Before we talk about the next day of travelling, let's have a brief aside about the Bai people. Throughout their history the Chinese people have always seen themselves as surrounded by barbarians. When the Communists came to power they decided to categorise the ethnic groupings that fell within the country. Now every Chinese citizen must carry an identity card with them, which states which one of 55 ethnic nationalities the person is deemed to fall into. The Han are the vast majority, comprising 94% of the 1.3 billion people in China.

The ethnic groups (or minorities as the Han call them) have some incredible ways of life, fascinating culture, religion, social structures, farming systems and amazing traditional costumes and crafts, music, art and dance.

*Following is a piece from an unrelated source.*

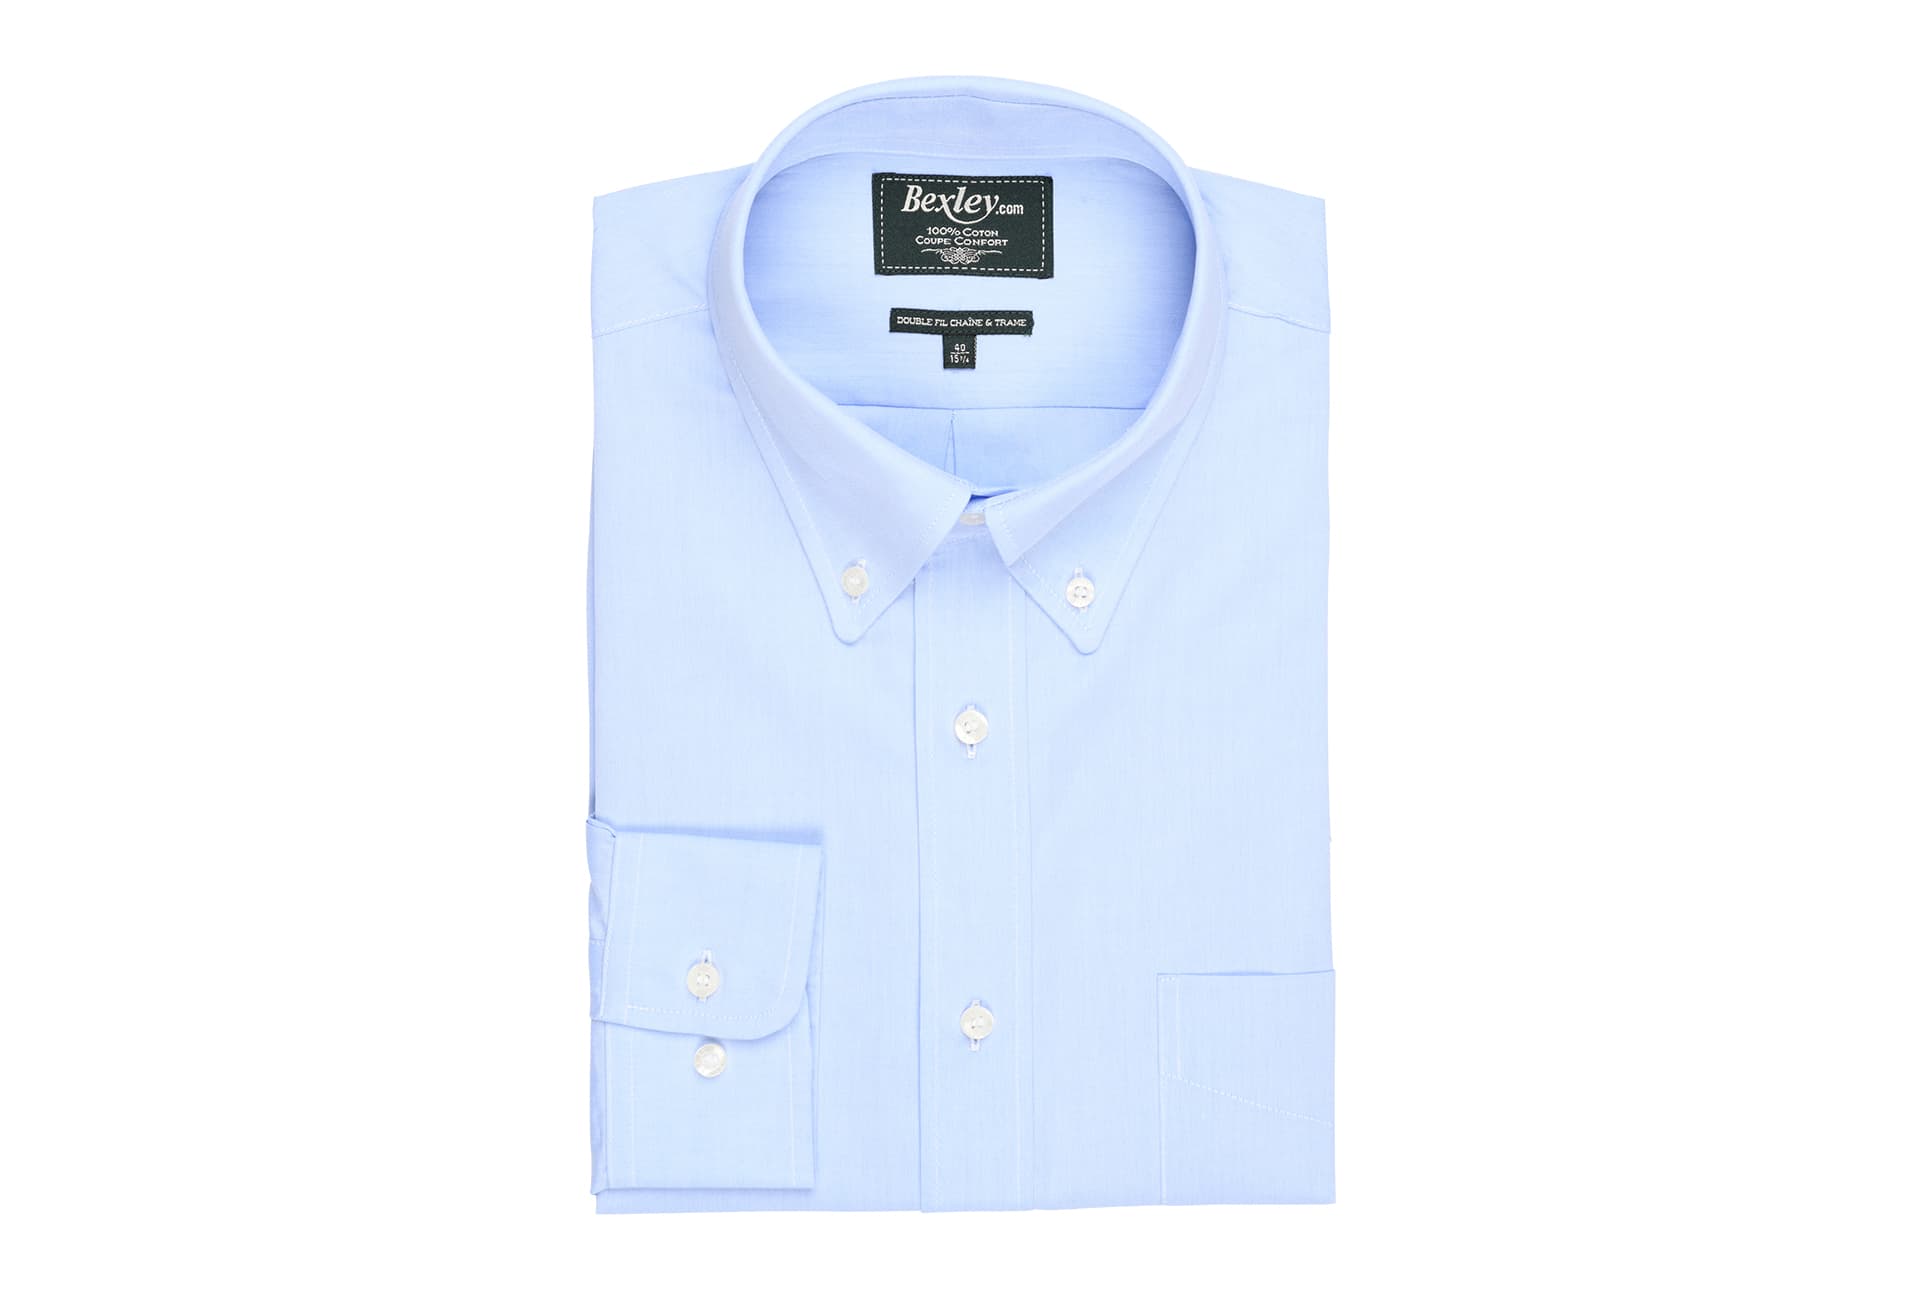 bexley chemise homme 100% coton, bleu clair, manches longues, coupe confort

Still listening? Well the point is this (albeit extraordinarily simplified by me, it's a complex issue and I don't know the half of it): As I mentioned in a previous post, in a country with over a billion people who pretty much can't leave, internal tourism is a huge industry. Of course the Han Chinese love nothing more than to come and experience the way the minorities live (as do all the Western tourists). This means there's a lotta bucks in it and Han entrepreneurs have found it easy to settle in these areas and open hotels, run tours for big groups of gawping sightseers or construct little sightseeing areas with fake traditional houses, waterfalls and totem poles (of all things).

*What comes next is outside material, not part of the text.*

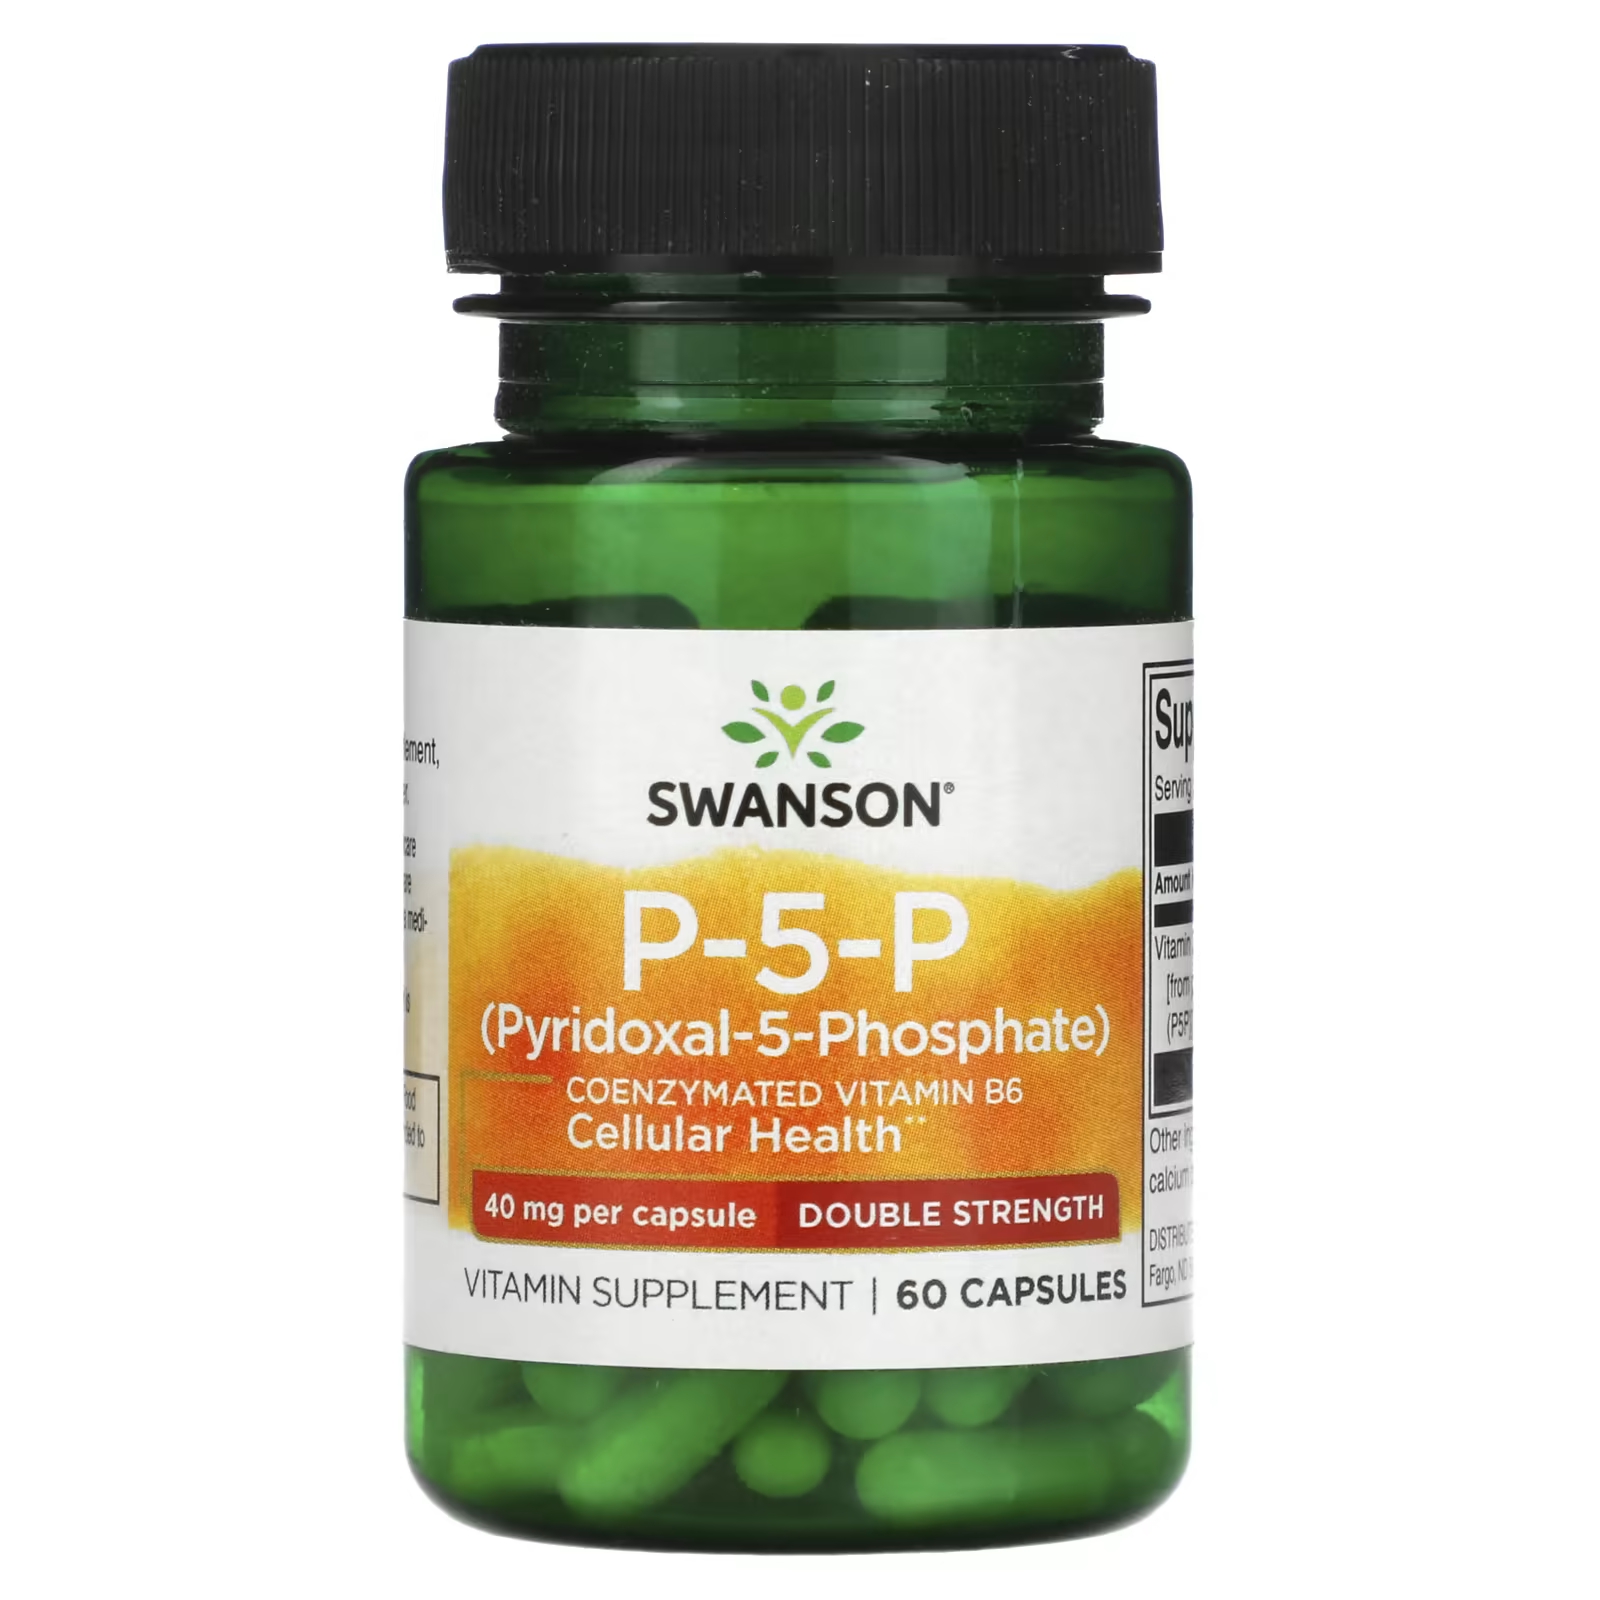 Биологически активная добавка Swanson P-5-P двойная сила, 40 мг., 60 капсул

Now the Han population vastly outnumbers the local ethnic groups in all these areas, the gorgeous little local towns are one-by-one becoming streets full of nothing but souvenier shops and it all feels like a bit of a hollow shell. A lot of the local peoples make their money hawking crap imitations of their handiwork to Han tourists or riding chairlifts with people. This scene has been repeated in a lot of places we'll been - groups of old women wearing traditional costumes busk by singing and dancing lethargically whenever tourists stroll by and then demand a handout. Pretty young Han women in Bai headdresses hold flags high and direct their tour groups down the cobbled streets of the old town. Giggling Han women pay a few cents to dress up in ethnic outfits and stike random poses while their boyfriends snap 500 digital photos. Then the boyfriends throw on hats made from the entire pelt of the endangered red panda and try to look indigenous. Oh and gormless Westerners pay local women to watch them pretend to wash their hair...



Oh it's also worth a buck to chain up a yak and have tourists take turns sitting on it and putting their arms up in the air for a photo.


The other moneymaker (apart from camera theft) is when middle-aged Bai women come up to young(ish) Aussie tourists with a little photo album full of awful furniture which they shove in one's face and say "Antique?". Before one can draw breath or lift an arm to wave her away, the lady leans in closer and hisses "Ganja, weed, smoke?" under her breath. This only happened about ten times a day to me in Dali.

Nine of those times it was the same hopeful woman. God bless the minorities!